When Hitler, Stalin, and Mussolini rose to power, the driving force was one of mass terror coupled with ideology. Today, however, Guriev and Treisman assert that dictators instead convince their populations that they are highly competent leaders through censorship, propaganda cooptation of the elite, and, as a last resort, violent repression. Guriev and Treisman explain that dictators signal their competency by exploiting the “globalized media and sophisticated technology of the 21st century.”

It is therefore unsurprising that autocrats invest heavily in state-sponsored media, propaganda, and media censorship tools in order to signal to the public that their standard of living, as well as their social, political, and economic opportunity, is intact. Instead of abolishing independent media all together, which signals direct repression of speech, modern autocrats seek to limit its use.

For example, Egypt’s deposed autocrat Hosni Mubarak endeavored to crack down on dissent, which was pouring in through audio-visual media outlets, by attempting to create the National Agency for Regulation of Audio and Visual Broadcast. The aim of the new government-regulated media was to provide a policing code of ethics, monitored by both national security and military intelligence officials, used to impose harsh punitive fines on dissidents.

The despot further advances perceptions of his competency by simulating democracy and coopting the country’s elites through patronage or material benefits. While censorship and cooptation are substitutes for each other, both can act as complements to propaganda. Sergei and Treisman highlight the example of Iran, which has the world’s most stringent limits on internet usage and content but engages in less cooptation of its elite. Conversely, Morocco’s royal family exerts far less control over the internet but finds the cooptation of its elite more effective in creating an air of competency.

But what happens when the modern autocrat’s signals to the public fail? Citizens combine information received from the state media, independent media, and their own quality of life to gauge their leader’s competency.

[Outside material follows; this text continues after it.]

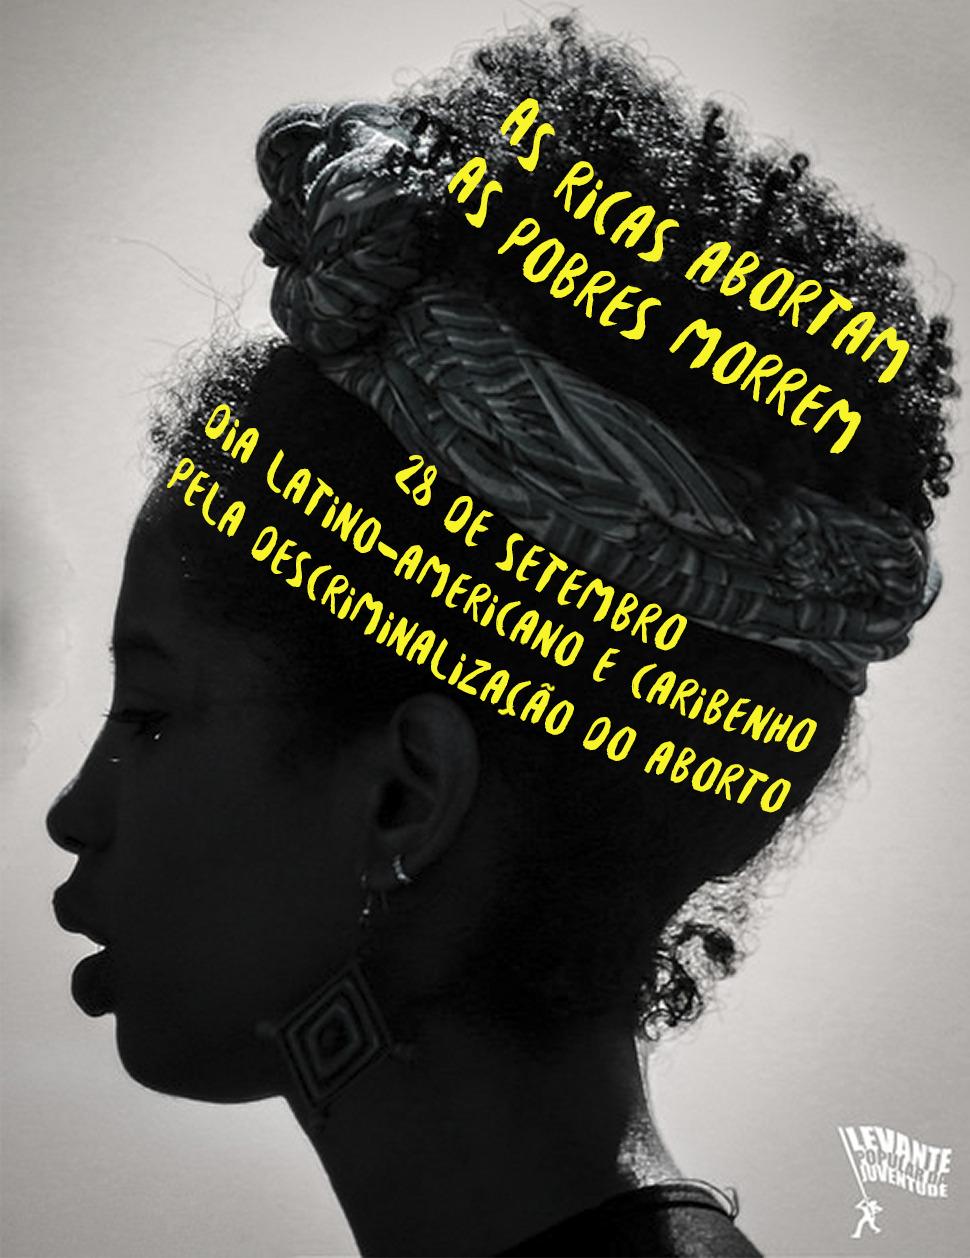 28 de Setembro: Dia Latino-Americano e Caribenho pela Legalização e Descriminalização do Aborto

When such information fails to convince them, they engage in an active revolution or uprising to seek an alternative leader. Members of the elite who are not coopted also prefer a new alternative, so long as they have the support of the masses—such was the case in the later stages of the Egyptian uprising. Violent repression is therefore the last resort of the despot whose power is unraveling and who seeks to retain it using brute force and terror.

 

Article Source: How Modern Dictators Survive: An Informational Theory of the New Authoritarianism. Sergei Guriev and Daniel Treisman. NBER Working Paper, April 2015.